Last year I was asked to be my school district's United Way representative, because Lucas receives services from United Way funded agencies. I was thrilled to share his story, and share the miracle of the cochlear implant. I wanted to show people that deaf children really can listen and speak, and what early identification and aggressive intervention does for young children. Lucas accompanied me to many district faculty meetings, but couldn't come to all, so I made this video to chronicle his journey.
Our local United Way agency caught wind of this video and asked if Lucas could be the star of this year's campaign video. We were really happy to continue to share his story with an even broader audience this year - the whole county. It's been really fun meeting strangers who recognize Lucas, and hearing from friends who have seen Lucas's video. One friend in another school district told me that they exceeded their donation goal for this year, thanks in part to Lucas's story.
Lucas is my miracle baby. He is an inspiration. He has changed my life. I hope his story touches yours.

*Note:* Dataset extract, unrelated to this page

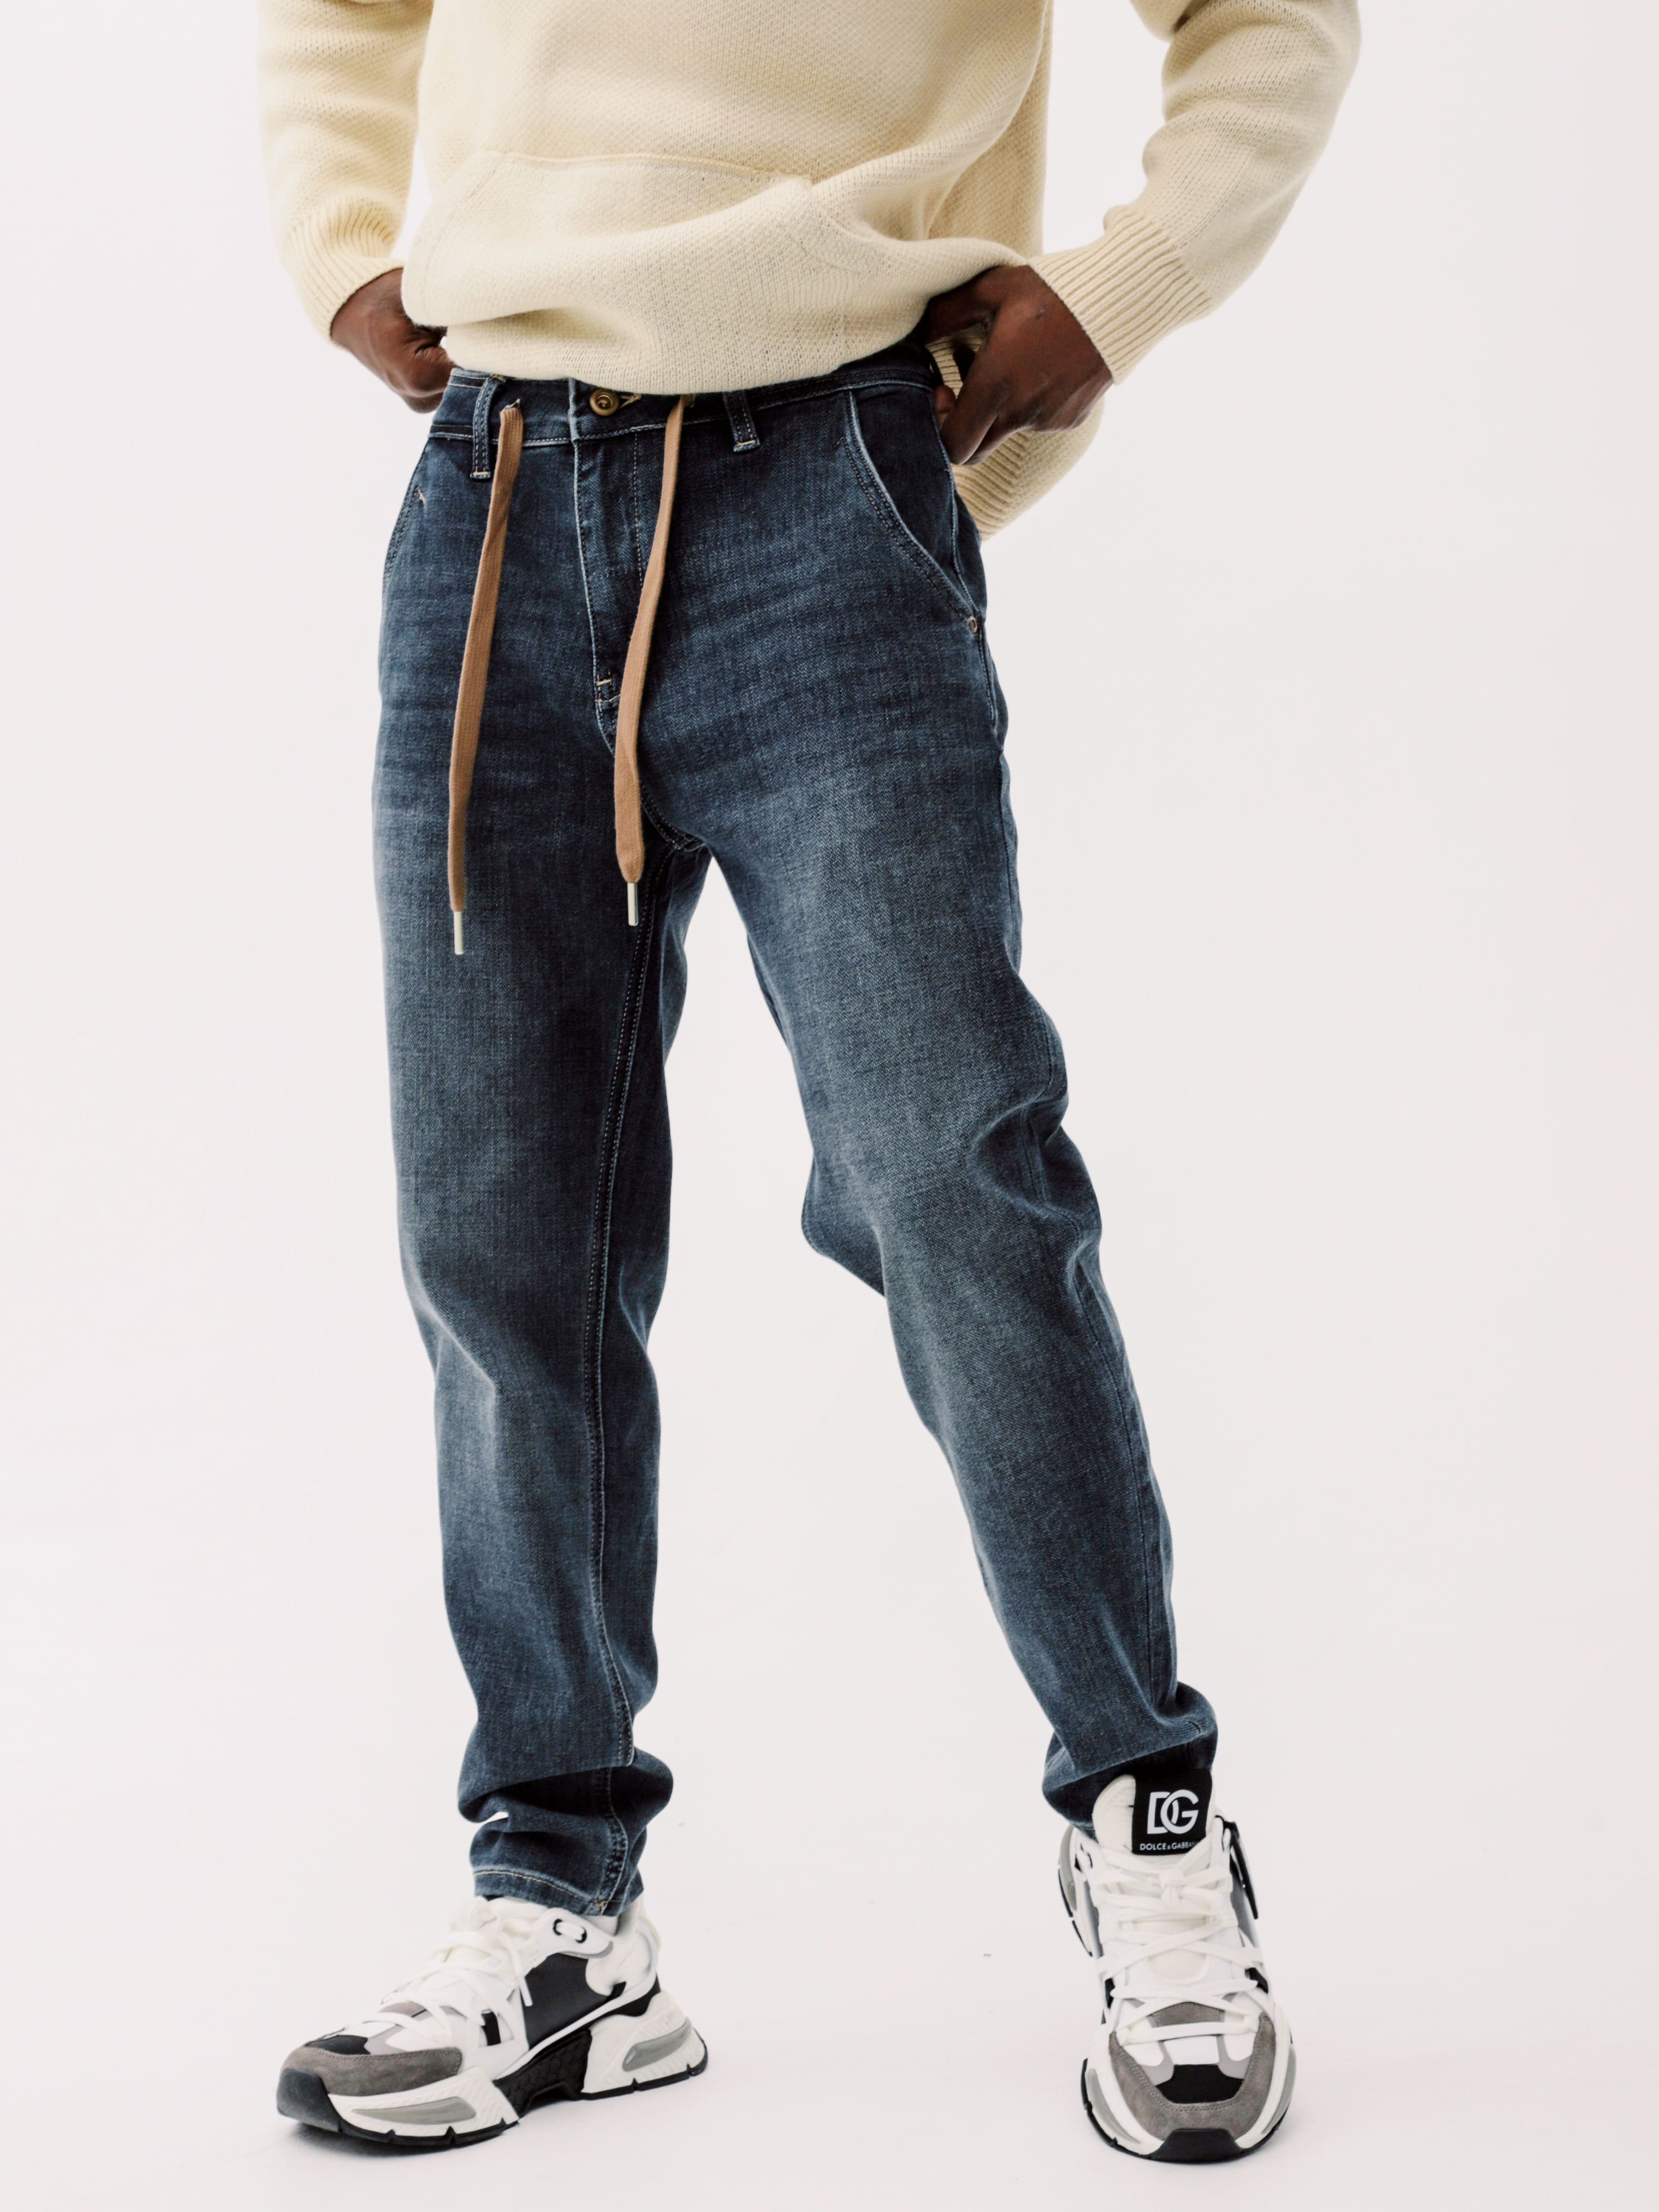 Мужские джинсы: разнообразие моделей на любой вкус

Lucas went trick-or-treating for the first time Friday night. Yes, I said Friday night. For some reason, our county decided to trick-or-treat on Friday night because Halloween fell on a Sunday. We went with it! The last 2 years, we just dressed Lucas up and gave out candy. This year, we went door to door in our little cul-de-sac. It was perfect for a little guy. He seriously had a blast. He would scuttle up to the door, ring the doorbell (if he could), and say, "knock, knock, trick or treat." He got to go with his cousin, Ryan, too. They were quite the duo.
Lucas was born with profound bilateral sensorineural hearing loss to two hearing parents. He wore hearing aids starting at 3 months, but he got no benefit from them, as we soon found out. He received a cochlear implant in his right ear 3 days after his first birthday. His second ear was implanted 1 month before his third birthday. Cochlear implants have changed Lucas's life immensely. This site was developed to chronicle his life and progress learning to listen and speak!